0/07 16:02:33 Number of idle job procs: 2
10/07 16:02:33 Event: ULOG_SUBMIT for Condor Node TCRENDER_CHR_ALL (147821.13)
10/07 16:02:33 Number of idle job procs: 2
10/07 16:02:33 Of 6 nodes total:
10/07 16:02:33  Done     Pre   Queued    Post   Ready   Un-Ready   Failed
10/07 16:02:33   ===     ===      ===     ===     ===        ===      ===
10/07 16:02:33     3       0        2       0       0          1        0
10/07 16:12:33 600 seconds since last log event
10/07 16:12:33 Pending DAG nodes:
10/07 16:12:33   Node TCRENDER_CHR_ALL, Condor ID 147821, status STATUS_SUBMITTED
10/07 16:12:33   Node TCRENDER_BG_ALL, Condor ID 147820, status STATUS_SUBMITTED



Sometime later the schedd restarts and the dag starts back at HAIRCACHE. Meanwhile TCRENDER_CHR_ALL and TCRENDER_BG_ALL are still in the queue. Below is the continuation of the dagman.out



10/08 17:26:00 ******************************************************
10/08 17:26:00 ** condor_scheduniv_exec.141951.0 (CONDOR_DAGMAN) STARTING UP
10/08 17:26:00 ** /opt/condor-7.4.4/bin/condor_dagman
10/08 17:26:00 ** SubsystemInfo: name=DAGMAN type=DAGMAN(10) class=DAEMON(1)

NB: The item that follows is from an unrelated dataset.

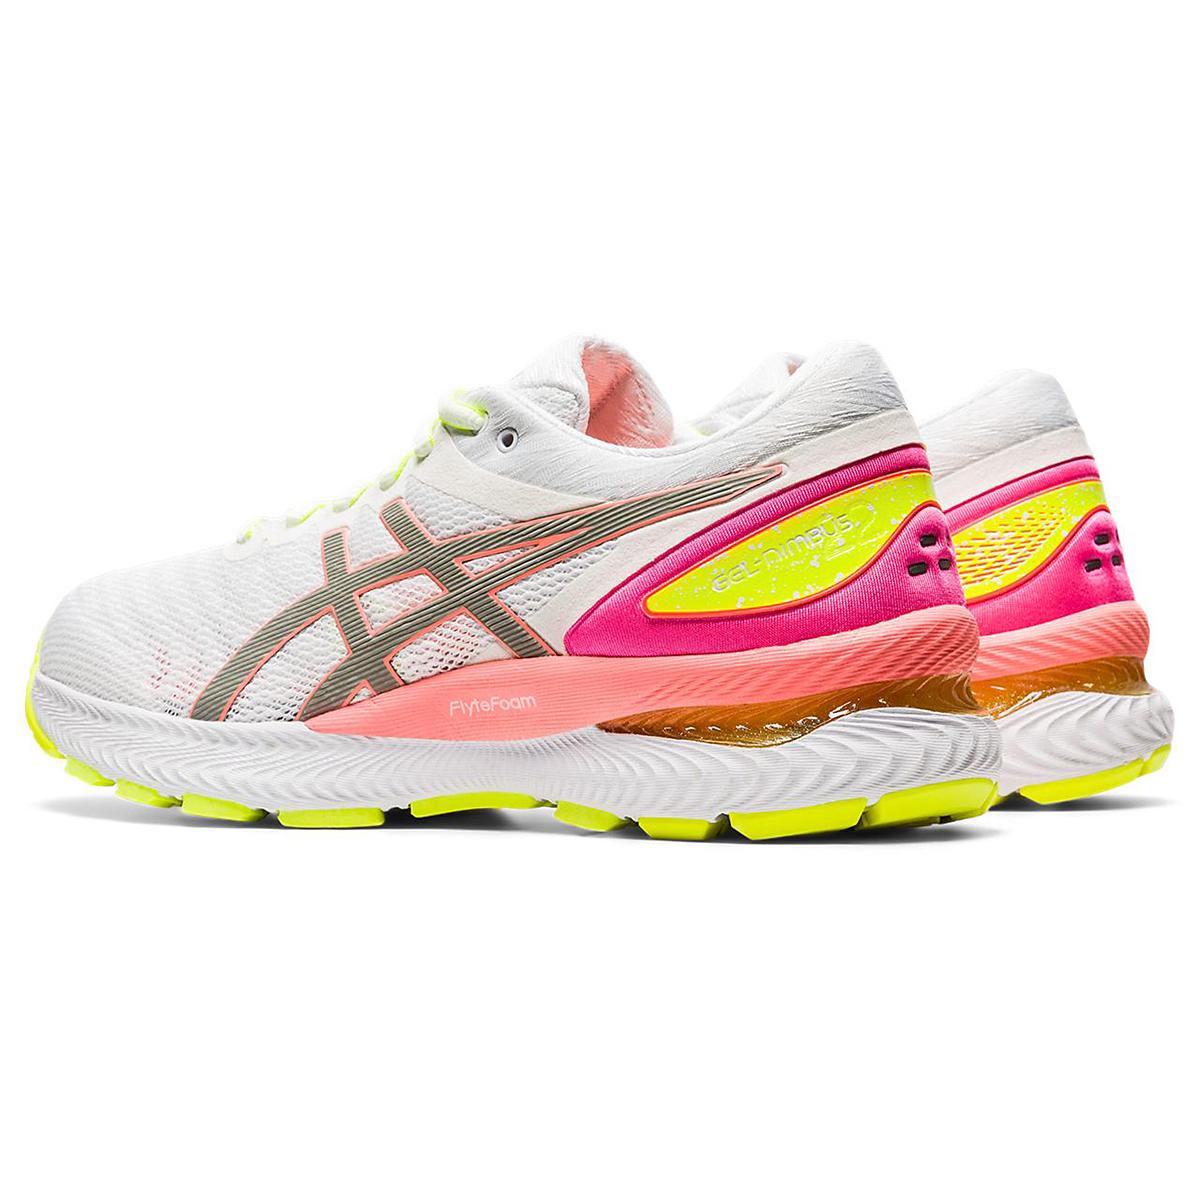 Women's Asics Gel-Nimbus 22 Lite Show Running Shoe - Color: White/Sun Coral - Size: 5 - Width: Regular, White/Sun Coral, large, image 4

10/08 17:26:00 ** Configuration: subsystem:DAGMAN local:<NONE> class:DAEMON
10/08 17:26:00 ** $CondorVersion: 7.4.4 Oct 14 2010 BuildID: 279383 $
10/08 17:26:00 ** $CondorPlatform: I386-LINUX_RHEL5 $
10/08 17:26:00 ** PID = 3418
10/08 17:26:00 ** Log last touched 10/8 17:22:12
10/08 17:26:00 ******************************************************
10/08 17:26:00 Using config source: /etc/condor/condor_config
10/08 17:26:00 Using local config sources: 
10/08 17:26:00    /opt/condor.local/condor_config.local
10/08 17:26:00    /opt/condor/sbin/cycle_cache_config/cycle_cache_config.py /opt/condor.local/condor_config.cached 30 30 http://192.168.0.78:8080/condor/assigned_template/cycleserver01.marchentertainment.com |
10/08 17:26:00 DaemonCore: Command Socket at <192.168.0.78:48894>
10/08 17:26:00 DAGMAN_DEBUG_CACHE_SIZE setting: 5242880
10/08 17:26:00 DAGMAN_DEBUG_CACHE_ENABLE setting: False
10/08 17:26:00 DAGMAN_SUBMIT_DELAY setting: 0
10/08 17:26:00 DAGMAN_MAX_SUBMIT_ATTEMPTS setting: 6
10/08 17:26:00 DAGMAN_STARTUP_CYCLE_DETECT setting: 0
10/08 17:26:00 DAGMAN_MAX_SUBMITS_PER_INTERVAL setting: 5
10/08 17:26:00 DAGMAN_USER_LOG_SCAN_INTERVAL setting: 5
10/08 17:26:00 allow_events (DAGMAN_IGNORE_DUPLICATE_JOB_EXECUTION, DAGMAN_ALLOW_EVENTS) setting: 114
10/08 17:26:00 DAGMAN_RETRY_SUBMIT_FIRST setting: 1
10/08 17:26:00 DAGMAN_RETRY_NODE_FIRST setting: 0
10/08 17:26:00 DAGMAN_MAX_JOBS_IDLE setting: 0
10/08 17:26:00 DAGMAN_MAX_JOBS_SUBMITTED setting: 0
10/08 17:26:00 DAGMAN_MUNGE_NODE_NAMES setting: 1
10/08 17:26:00 DAGMAN_PROHIBIT_MULTI_JOBS setting: 0
10/08 17:26:00 DAGMAN_SUBMIT_DEPTH_FIRST setting: 0
10/08 17:26:00 DAGMAN_ABORT_DUPLICATES setting: 1
10/08 17:26:00 DAGMAN_ABORT_ON_SCARY_SUBMIT setting: 1
10/08 17:26:00 DAGMAN_PENDING_REPORT_INTERVAL setting: 600
10/08 17:26:00 DAGMAN_AUTO_RESCUE setting: 1
10/08 17:26:00 DAGMAN_MAX_RESCUE_NUM setting: 100
10/08 17:26:00 DAGMAN_DEFAULT_NODE_LOG setting: null
10/08 17:26:00 ALL_DEBUG setting: 
10/08 17:26:00 DAGMAN_DEBUG setting: 
10/08 17:26:00 argv[0] == "condor_scheduniv_exec.141951.0"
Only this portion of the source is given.